Skillv0.1.0

ClawScan security

LLMs.txt Generator · ClawHub's context-aware review of the artifact, metadata, and declared behavior.

Scanner verdict

SuspiciousFeb 28, 2026, 7:12 AM

Verdict: suspicious
Confidence: medium
Model: gpt-5-mini
Summary: The skill largely does what it says (crawls a site and builds llms.txt), but there are incongruities around how it's executed and its dependencies that deserve review before running.
Guidance: This skill appears to implement the described crawler and llms.txt generation, but before running it you should: (1) review the crawl.py source yourself (it only issues HTTP GETs and parses HTML, but it extracts emails and page text), (2) note that dependencies (httpx, beautifulsoup4, lxml) are required but not installed by the registry — either run it in a controlled virtualenv or provide the packages, (3) the SKILL.md hardcodes a virtualenv/workspace path that may not exist — adjust the invocation to your environment, (4) avoid asking it to crawl sensitive internal URLs unless you trust the environment (the crawler will fetch any URL you give it), and (5) consider running the skill in a sandboxed environment or with restricted network access until you're comfortable with its behavior.

Review Dimensions

Purpose & Capability: noteName/description match the included code: scripts/crawl.py implements a 2-level crawler and extraction heuristics consistent with generating an llms.txt.
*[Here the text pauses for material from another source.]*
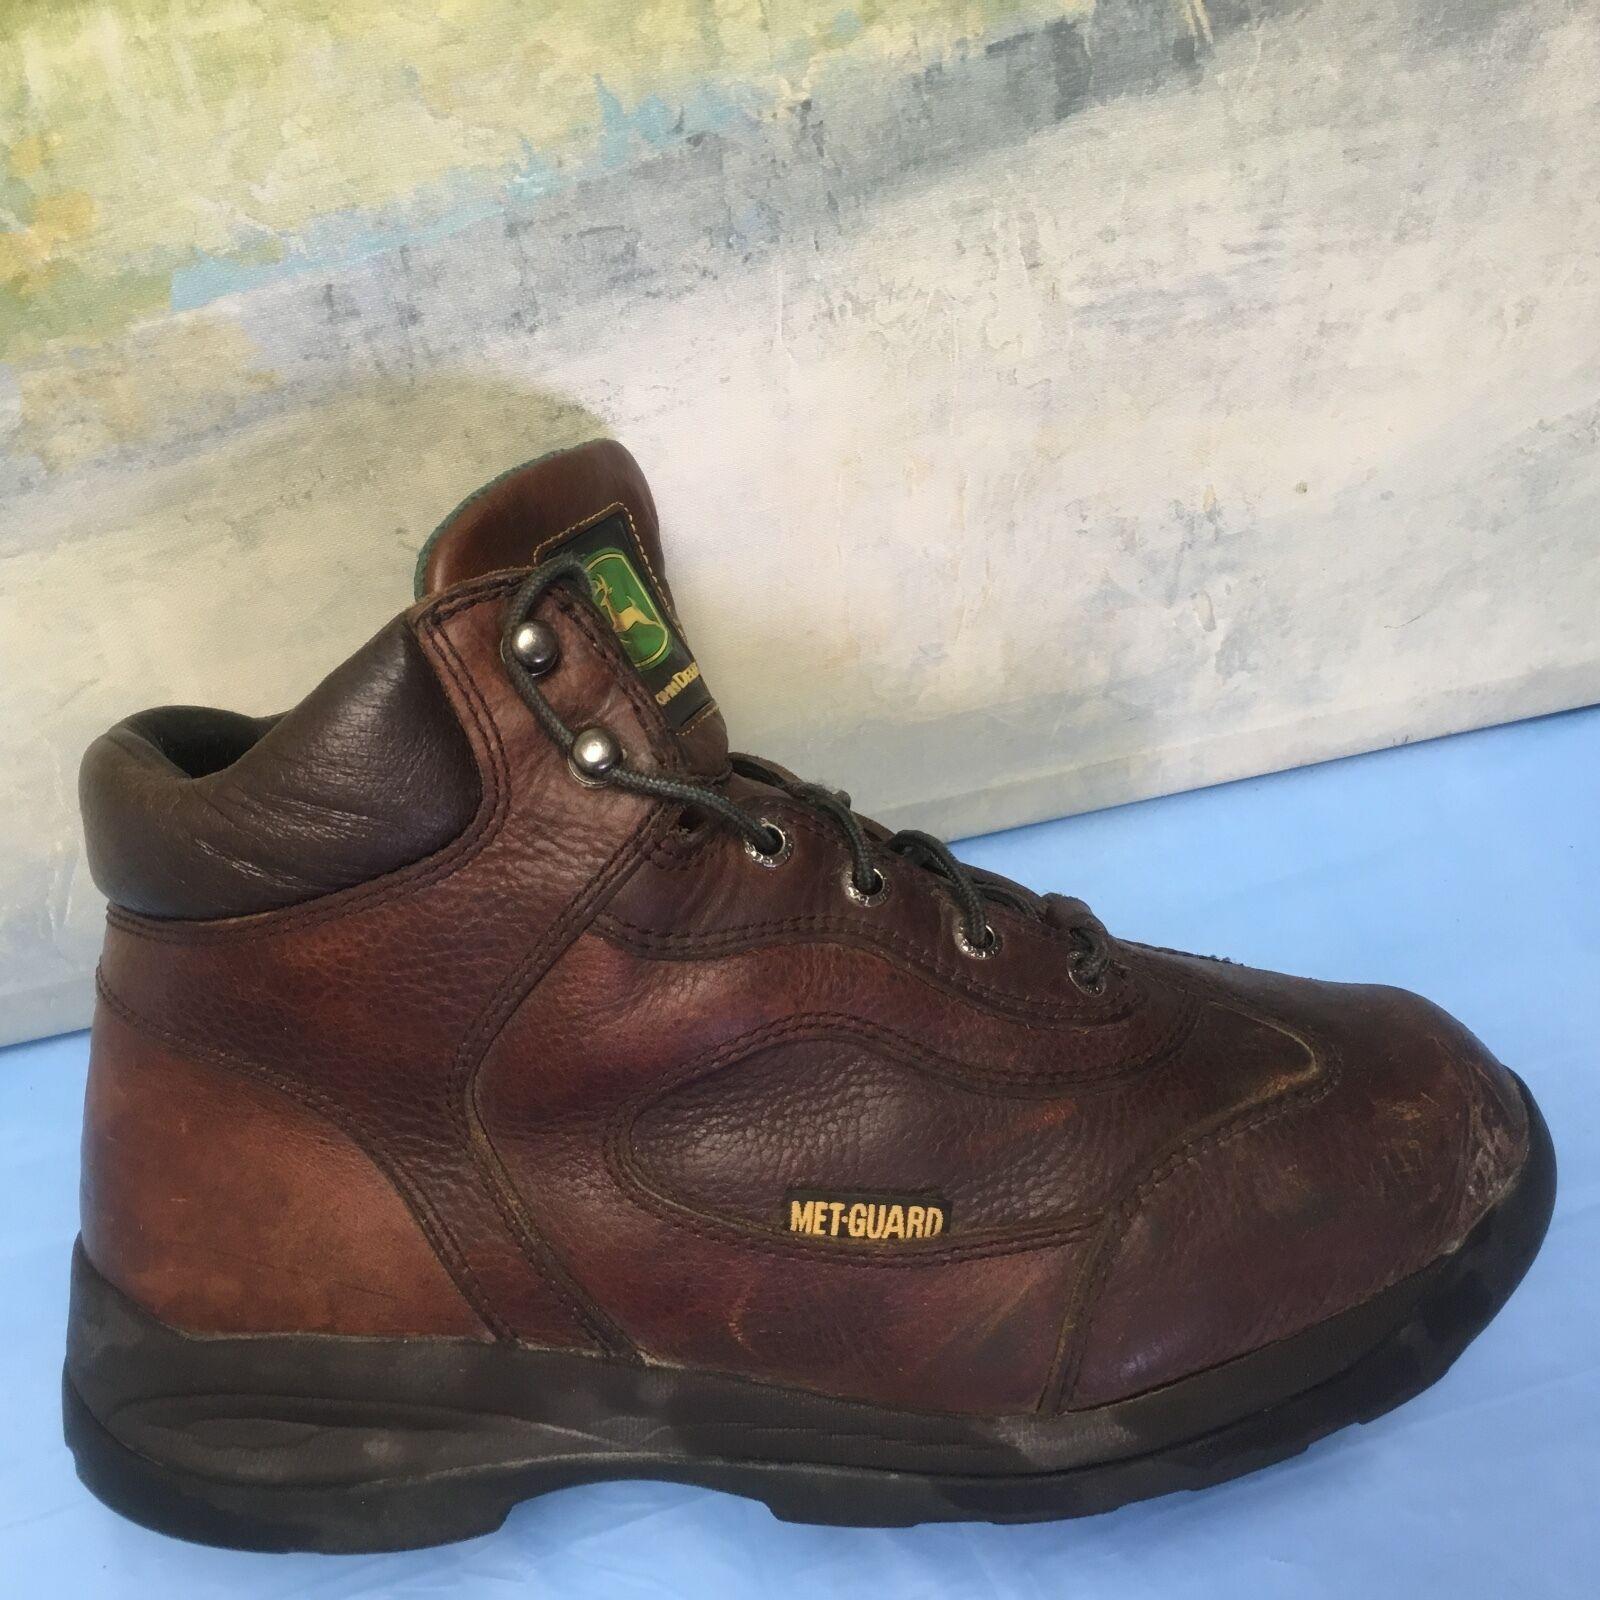 John Deere steel toe MET GUARD boots US 10.5 M JD3664
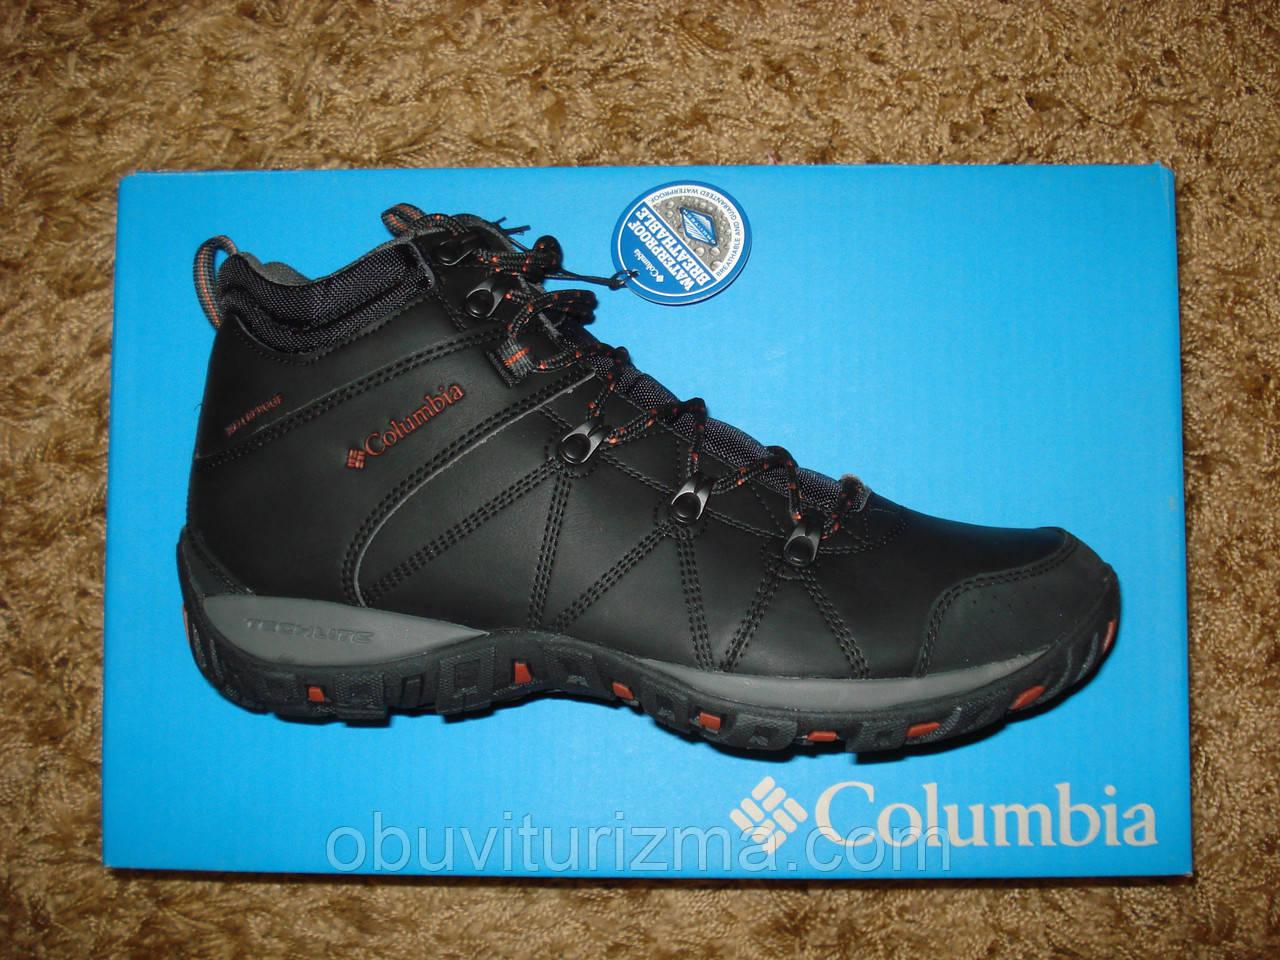 -24% Скидка Осталось 14 дней. next previous. Ботинки Columbia Peakfreak™  Venture Mid Waterproof BM3991 ... dded0651e57

However, SKILL.md hardcodes a Python virtualenv path (~/.virtualenvs/llms-txt-generator/bin/python3) and a workspace path (~/.openclaw/workspace/llms-txt-generator/scripts/crawl.py) even though the skill declares no required binaries or install steps — this mismatch is unexpected.
Instruction Scope: noteInstructions restrict actions to crawling the user-provided site and re-crawling extra URLs, producing /tmp/llms_business_info.json and conversational gap-filling. The crawler extracts emails and raw page text (including up to 8000 chars in deep mode). This is within the stated purpose, but extracting emails/raw text is sensitive and the skill will fetch any URLs the user (or agent) supplies, which could reach internal endpoints if given.
Install Mechanism: concernThere is no install spec despite the code requiring Python packages (httpx, beautifulsoup4, lxml). The SKILL.md invokes a specific virtualenv path that is not provisioned by the registry metadata. That mismatch means the runtime may fail or an operator might create the virtualenv themselves (with attendant trust concerns). No external downloads or obscure URLs are used in the code, which is good, but dependency handling is underspecified.
Credentials: noteThe skill requests no environment variables or credentials, which aligns with its stated purpose. It does extract email addresses and other public content from crawled pages; including emails in generated llms.txt is consistent with the referenced spec, but users should be aware public email addresses found by the crawler will be surfaced in output.
Persistence & Privilege: okalways is false and the skill doesn't request persistent system-wide privileges. It writes to /tmp/llms_business_info.json (transient) and reads/writes only its own workspace/script — no evidence it alters other skills or global config.